Gurland knows first-hand what it’s like to face legal challenges on behalf of her kids.

“As a parent and as a person, I want to be reasonable,” she said. “It has been hard sometimes to know when I am within my rights to ask for help with an issue my child is facing. I needed to learn more about my rights to navigate those questions. My mission in writing ‘How to Advocate Successfully for Your Child: What Every Parent Should Know About Special Education Law’ was to make that information available to every parent. I don't want the next generation of parents to have to learn the hard way. In addition, many people have helped me, and continue to help me, along my journey — it’s my turn to pay it forward.”
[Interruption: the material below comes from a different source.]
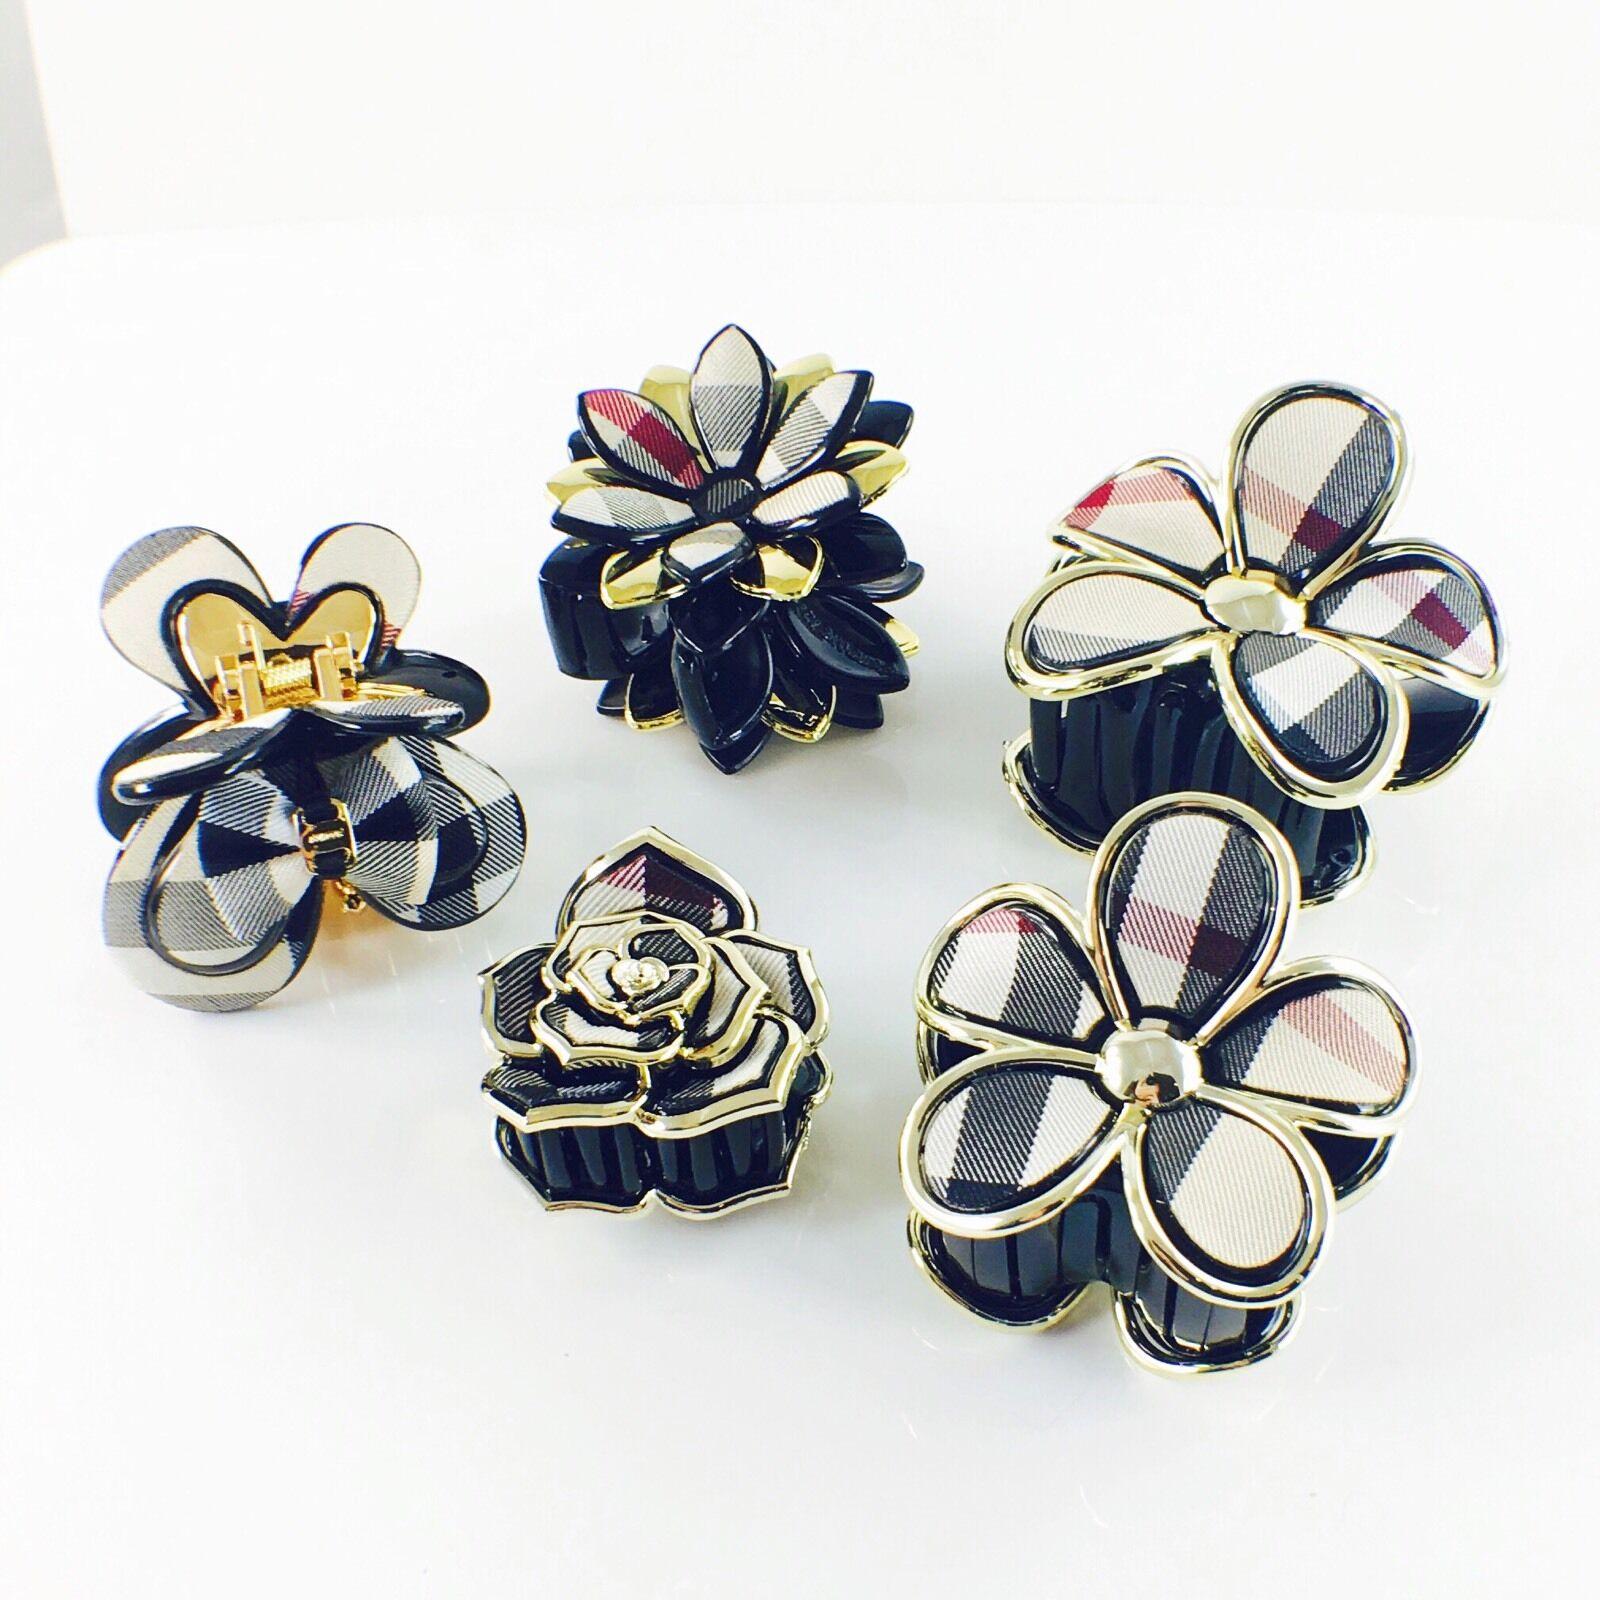 USA Quality Acrylic Fabric Hair Claw Clip Hairpin Handmade Flower Rose A05

Gurland said that many parents worry about the stigma that goes along with special education.

“I worried, too,” she said. “I hesitated to share the challenges my kids were facing, which include autism and ADHD. But I learned over time that I had to be more open, to get my kids supports they needed. Even more important, I felt I needed to be more open in order to help my children realize that that they are human, that they have great gifts as well as challenges they can overcome — but that requires understanding what they are. Eventually, they need to be able to advocate for themselves.”

So many misconceptions exist about special education, Gurland said.

“It’s come a long way. And education is a broad concept,” she said. “Children who are very bright can have learning differences and/or social, behavioral or emotional challenges that schools can help to address. I try to explain to parents what special ed looks like today, so that parents have the opportunity to take advantage of it for their children, where that’s appropriate.”

Copies of “How to Advocate Successfully for Your Child: What Every Parent Should Know” will be available for sale at the presentation. The book is also for sale on Amazon Books. It is available in Spanish as “Cómo abogar con éxito por su hijo: Lo que todos los padres deben saber acerca de la Ley de Educación Especial” courtesy of a grant from Children's Specialized Hospital.